CSD are about what is technically called “stocks”. A stock is anything that can be counted: people, money, roads and windows or things that can be (even poorly) quantified, like goodwill, health, etc. The important part is that you can still make assessments like “sports will improve your health” while “a bag of crisps does affect your health negatively”. Then you think about how these stocks are influencing each other. Assuming stock A is increasing, what would be the impact on stock B? To stay in the previous example: “If you do more sports, then it will improve your health”, which includes as well the opposite statement “If you do fewer sports, then your health will decrease”. Side note: both statements are more generically true than always in every case. I don’t talk about extremes, like extreme sports, that might become unhealthy. But for most of the population, some sports would be good; more would be better. The other way to influence is a negative influence. The more crisps you eat, the less healthy you will be (again, on average). The following graph shows this basic understanding:
This simple graph has three “stocks” and two “edges” or connections connecting the stocks. The connections are labelled with s for “same” direction of influence and o for “opposite” direction of influence.
This is nice, but it doesn’t deliver much value yet. It becomes more interesting when you create loops. Assuming a bank account in times of normal interest rates (interest >0). If you have money in your account (a stock), then you will get Interest paid on money on the account (another stock). The direction of influence is “same”. More money in the account delivers more interest. Interest, by the way, goes back to the account. So, there is another influence. This looks like this:
What you see here is that we have created a reinforcing loop. If you don’t influence this system in any way, you will have a runaway system that will produce more and more money on the account, which is basically what we understand under compound interest. Vithanco highlights this loop with a circle in the direction of the loop and the letter R for the reinforcing type of the system.
There are two types of loops: reinforcing and balancing, based on the number of opposing connections.
Balancing loops have an odd number of opposite connections.
Balancing loops are associated with reaching a plateau.
Reinforcing loops have an even number of opposite connections (please note that zero also is even).
Reinforcing loops are associated with exponential increases/decreases.
Add a few more stocks, and you can start analysing complex systems. But already simple models can show the complexity of situations. Let’s review the Adoption Model.
The model is about adopting any new trend/product/service. It has two loops that influence the overall adoption rate. Suppose the adoption rate won’t change, and the pool of potential adopters doesn’t change. We will experience an exponential increase in adopters until the small remaining stock of potential adopters keeps the adoption rate low.
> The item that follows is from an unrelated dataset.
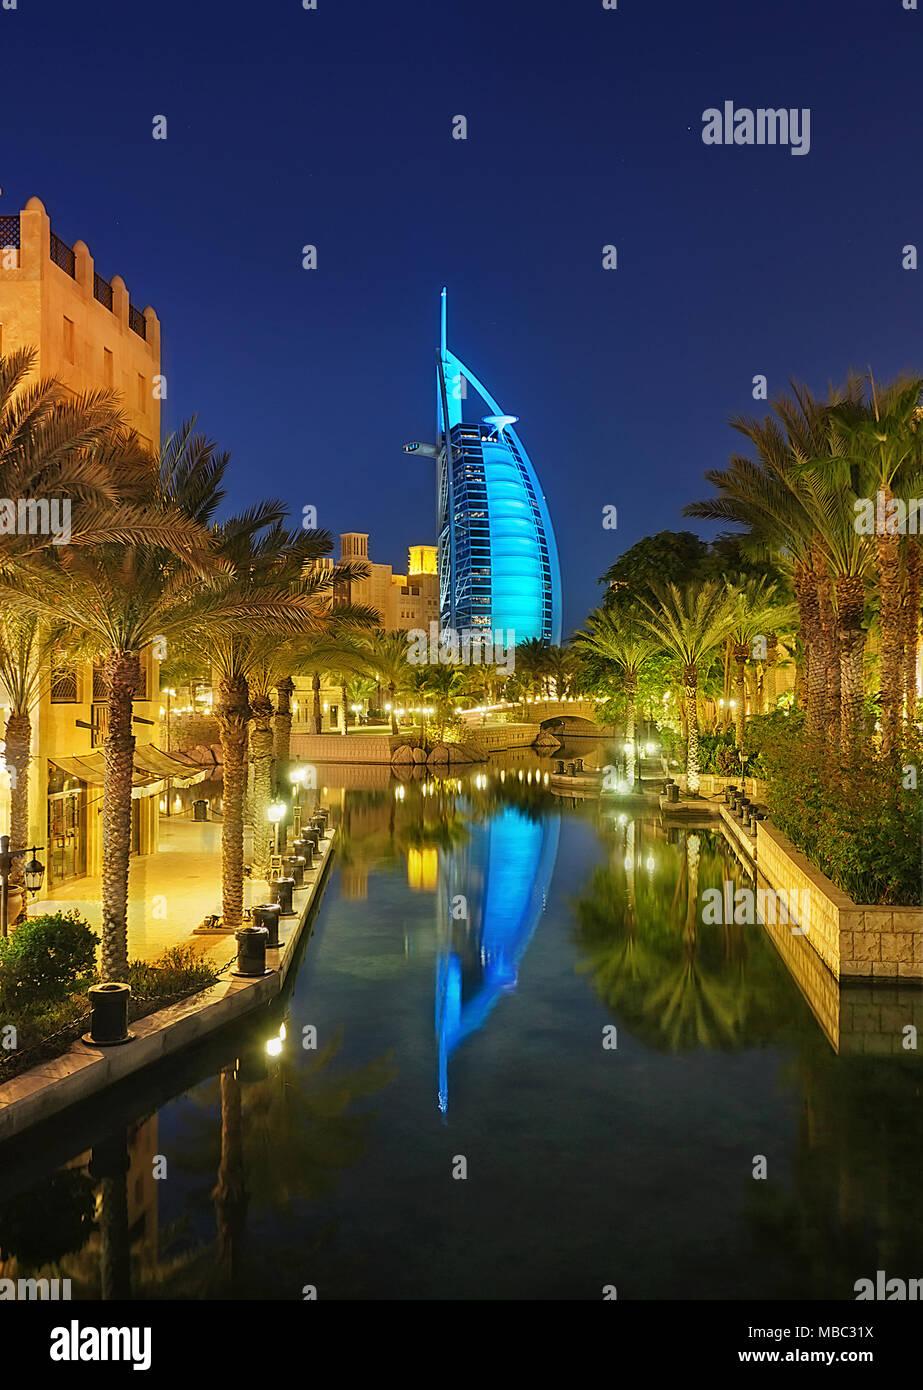 DUBAI, UAE - APR 8, 2013: Famous reflection view with 7 star hotel Burj Al Arab. Night scene with palms. Colorful canal resort. Dubai, United Arab Emi - Stock Image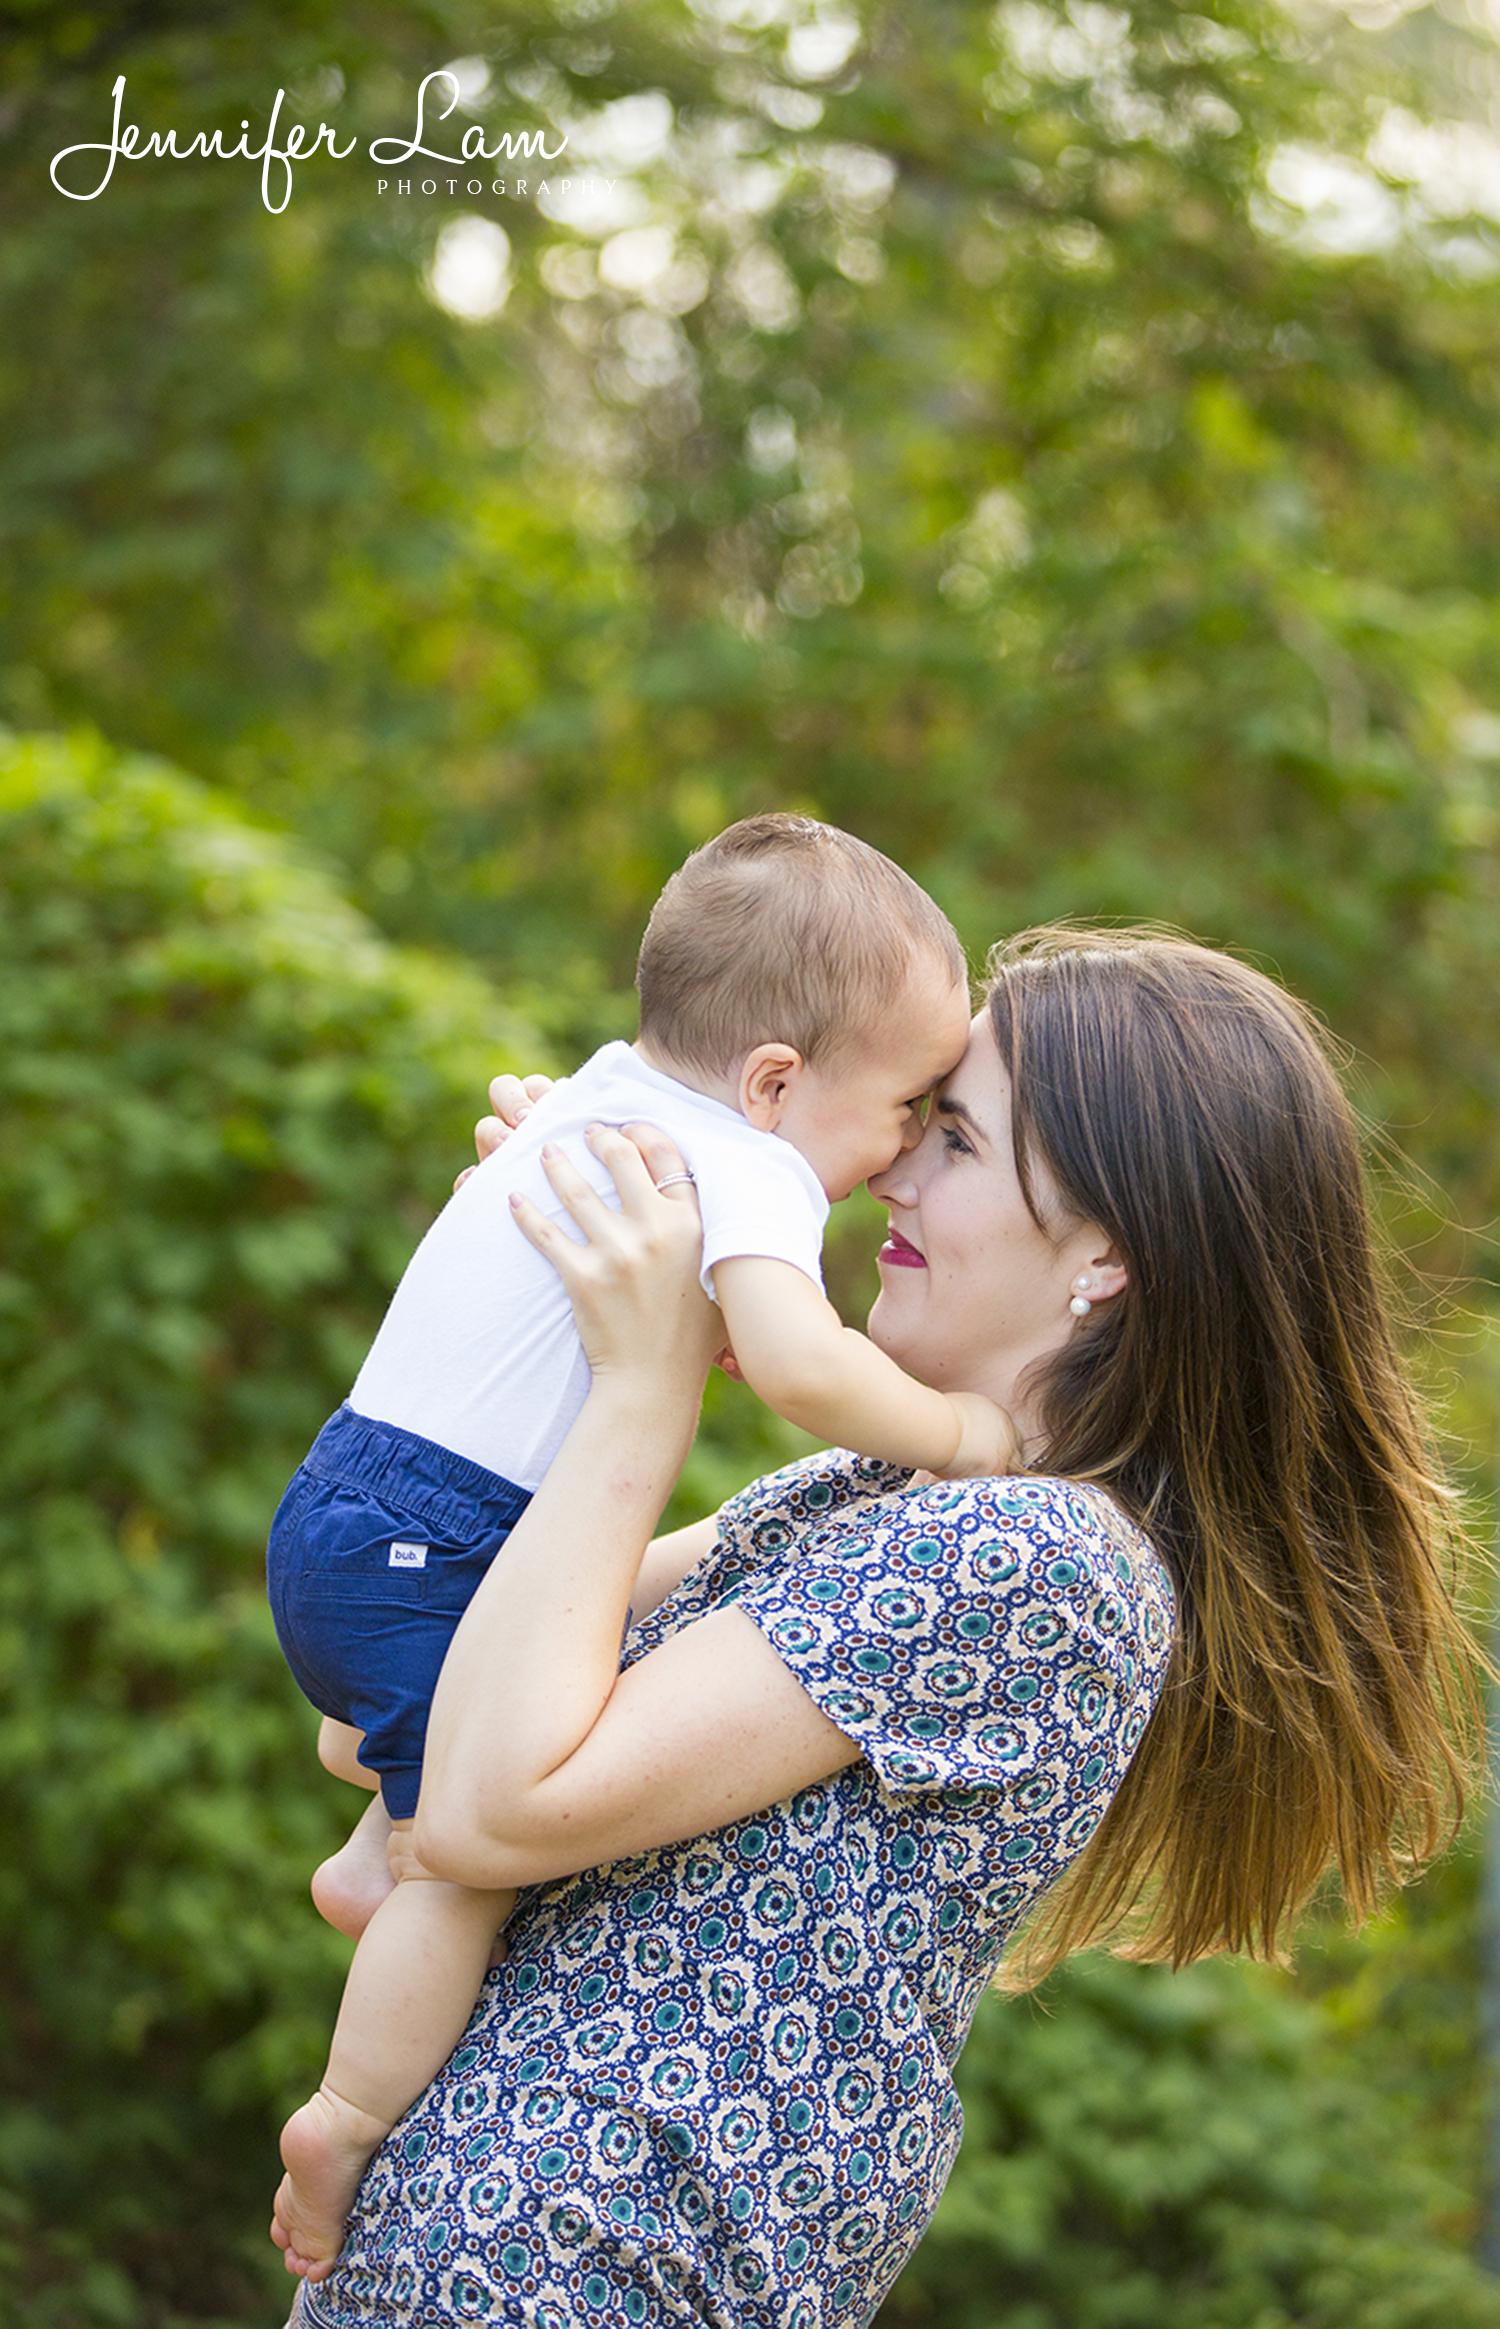 First Birthday - Sydney Family Portrait Photography - Jennifer Lam Photography (21).jpg

Coming back to Amazon’s flywheel we started with. I recreated it in Vithanco and it looks like this (please note, that I changed the model slightly, as the stock is “prices” and “costs” instead of “lower costs” and “lower prices” and hence two connections became opposite):
Now you can see what the business flywheel is about. It’s nothing else than a reinforcing loop. A loop that made Amazon one of the most successful companies of these days. And if we compare this with the adoption model from above then we can see why Amazon’s growth stopped. Jeff Bezos didn’t include the balancing loop from the Adoption Model in his diagram. The market was so big for him in 2000 that he didn’t need to think about it. But after 20 successful years of exponential growth, the stock of potential adopters got smaller and smaller.
I will talk more about Causal Loop diagrams, but for now, I suggest the excellent introduction from Donella Meadows’ Thinking in Systems for further reading.